Kaluza-Klein Contamination in Fermi Accelerated Environments

TL;DR

This paper proposes that Kaluza-Klein particles produced in astrophysical environments could contaminate cosmic-ray data, providing a novel way to constrain theories of new physics beyond the TeV scale using astrophysical observations.

Contribution

It introduces a method to constrain extra-dimensional models by analyzing potential KK particle contamination in cosmic-ray air shower data, extending beyond traditional collider experiments.

Findings

KK particles could constitute 10^-5 to 10^-2 of cosmic-ray events.

Astrophysical data can be used to constrain UEDs and other beyond-Standard-Model theories.

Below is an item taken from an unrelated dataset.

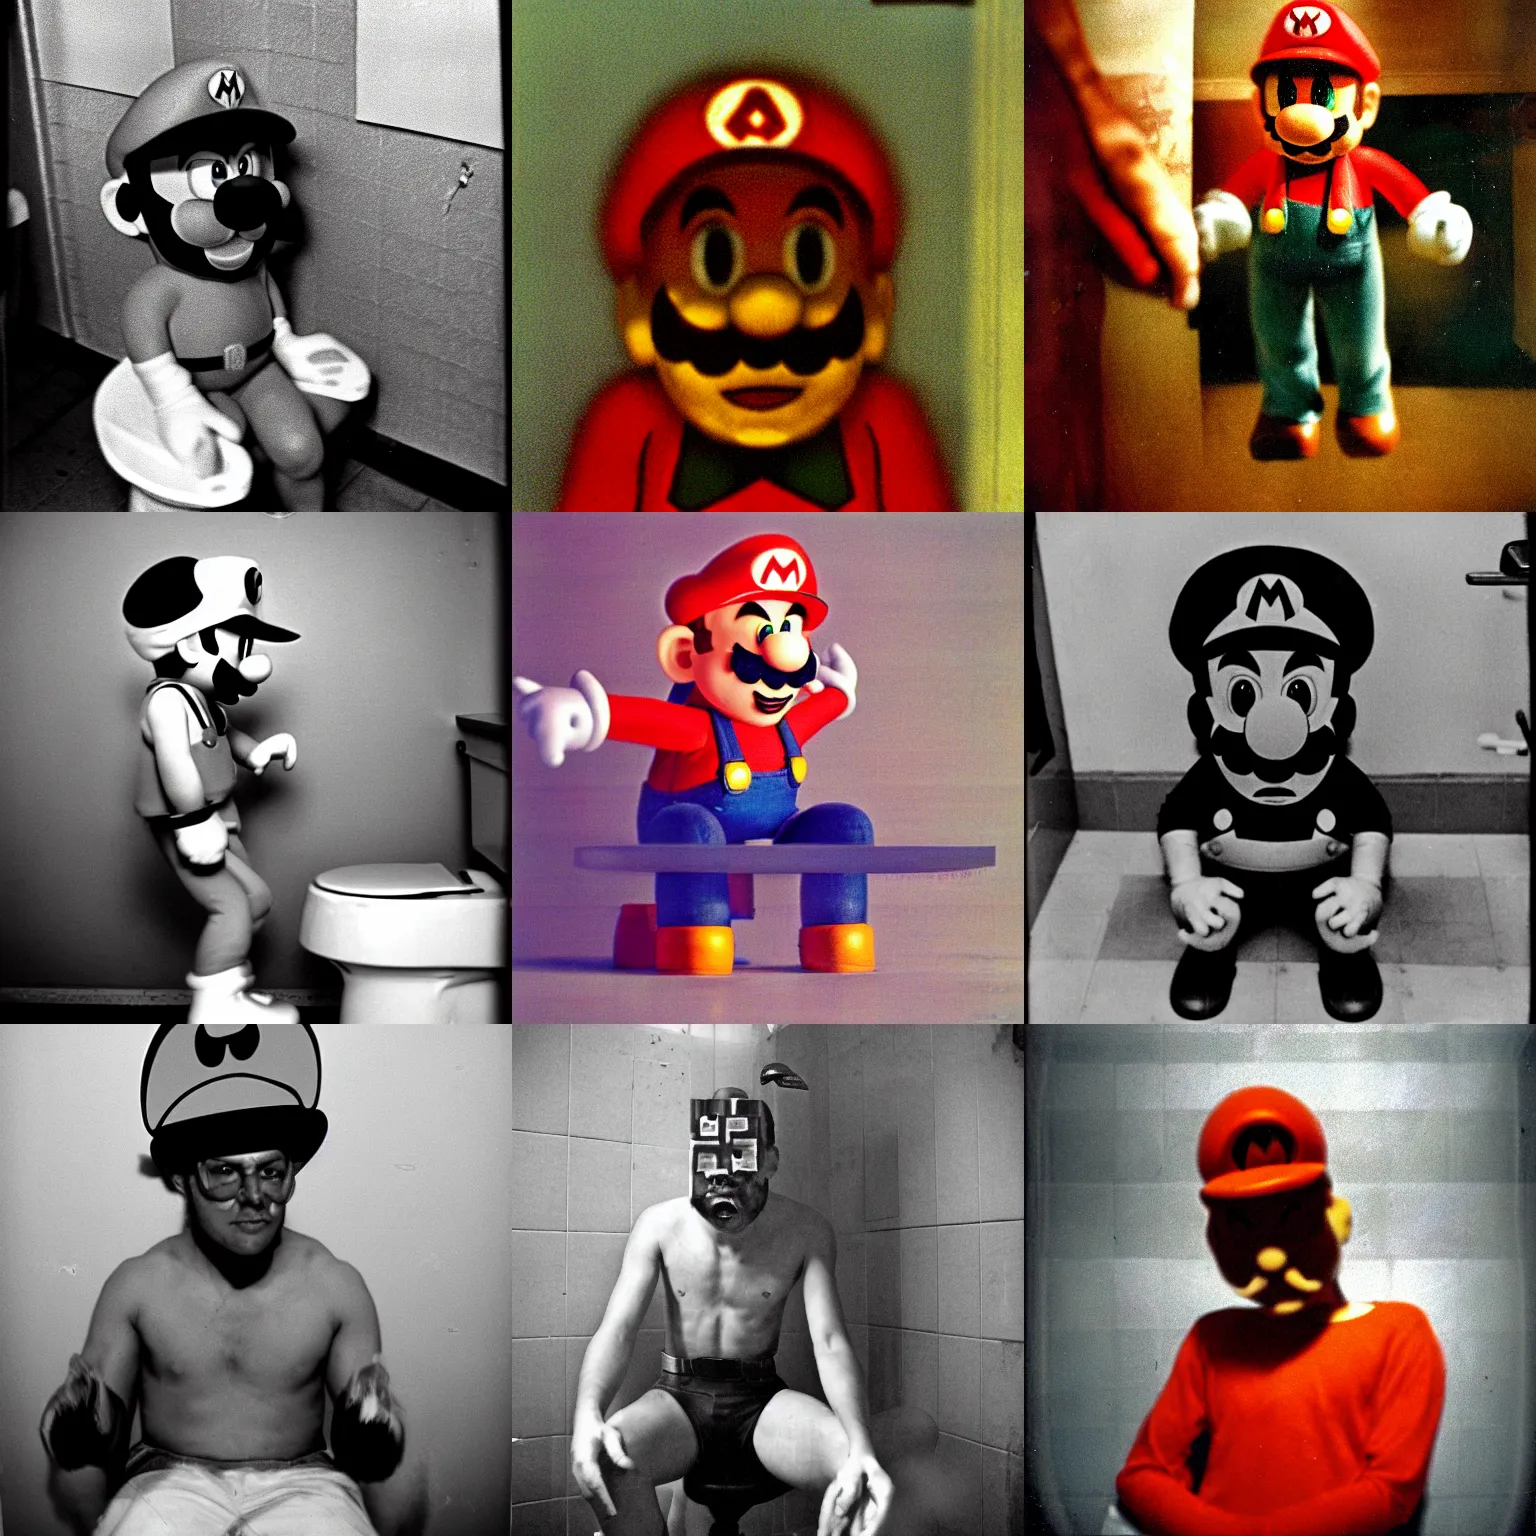 Prompt: 35mm pentax k1000 photograph grainy abstract experimental expired film photo of real human Video Game Character Super Mario, bored and angry sitting on a toilet, in 1960s New York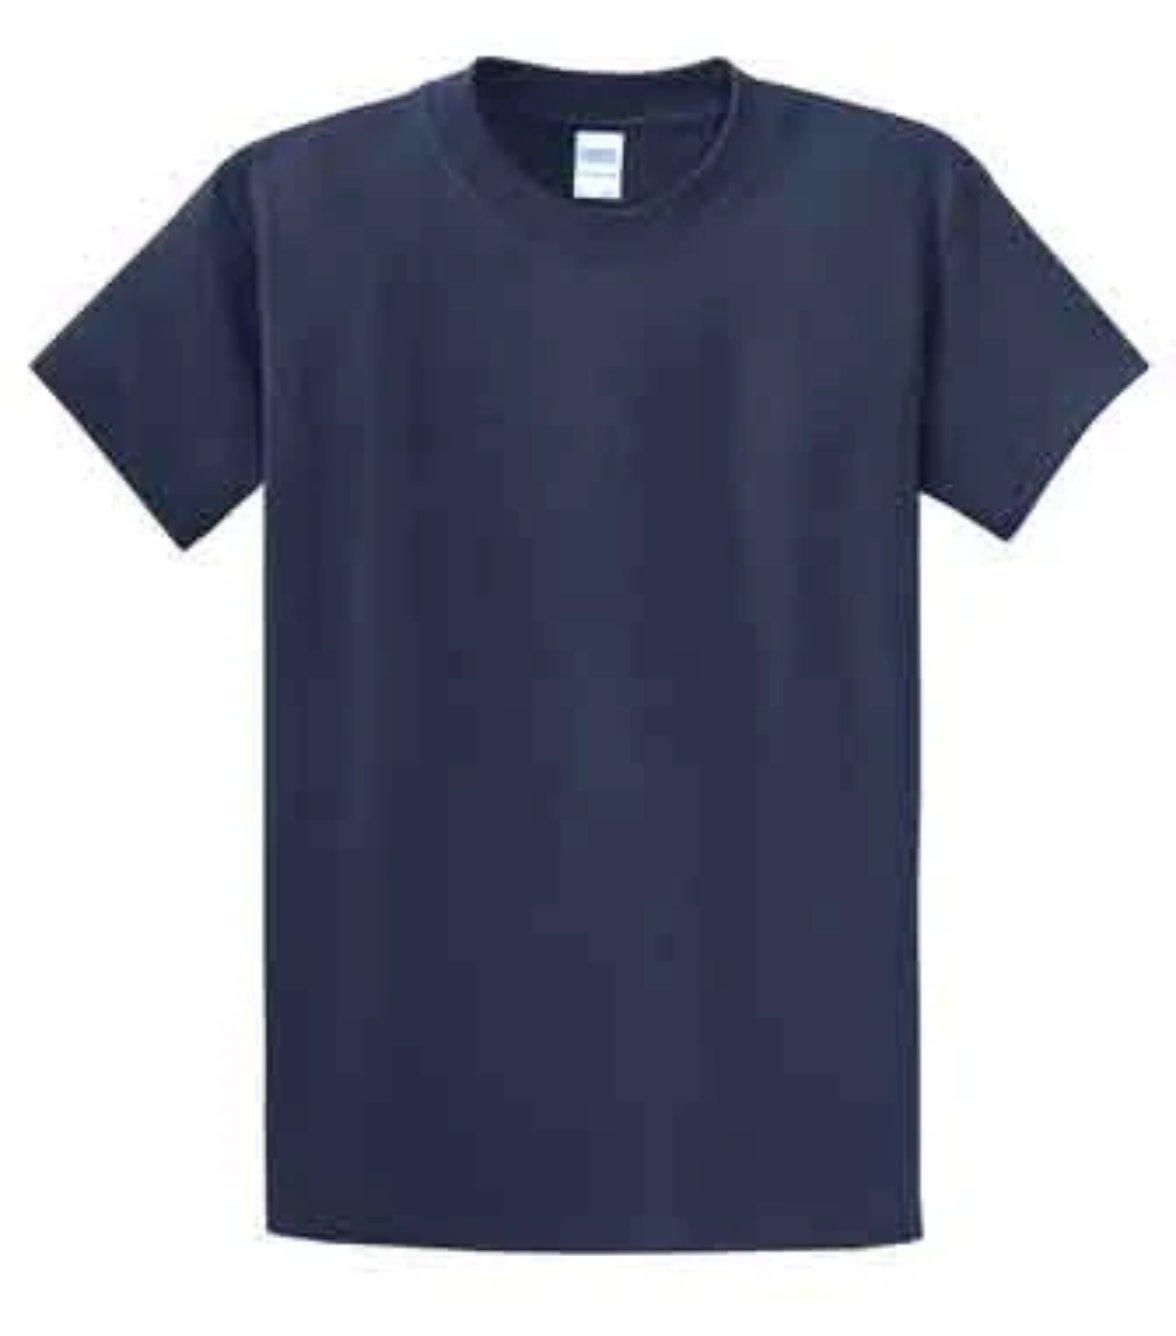 Port & Company 100% Cotton Essential T-Shirt Navy Tall PC61T

The method offers a new avenue for testing high-energy physics theories through astrophysics.

Abstract

Astrophysical constraints of new physics are often limited to weakly interacting light particles, such as axions, the Kaluza-Klein (KK) gravitons from the ADD model, sterile neutrinos and unparticles. We discuss the possibility for an astrophysical scenario to (dis)confirm new physics for heavy particles beyond TeV energy scale. In our scenario, the KK protons (the KK excited quarks/gluons within protons) within the framework of universal extra dimensions (UEDs), are produced by high energy p + p collisions in Fermi accelerated environments, with protonic isotropic spectrum d N / d E \propto E^-2 up to at least 10^18 eV. Thus, because they are also electrically charged, they should be re-accelerated by mechanism similar to normal protons. The KK states (no matter whether they have already decayed to the lightest KK particle or not) should contaminate 10^-5 to 10^-2 of cosmic-ray events for some fixed energy E (within some suitable assumptions). Hence, if we have techniques to identify them from air shower data, we can constrain UEDs scenario. Our method is an "existence proof" that we can constrain new physics beyond TeV scale or much higher by classical astrophysical scenarios, which can also be generalized to supersymmetric models, the bulk Standard Model fields within the RS model, and the endlessly emerging new models. Moreover, it can exploit domains which have no possibility to be studied in terrestrial experiments.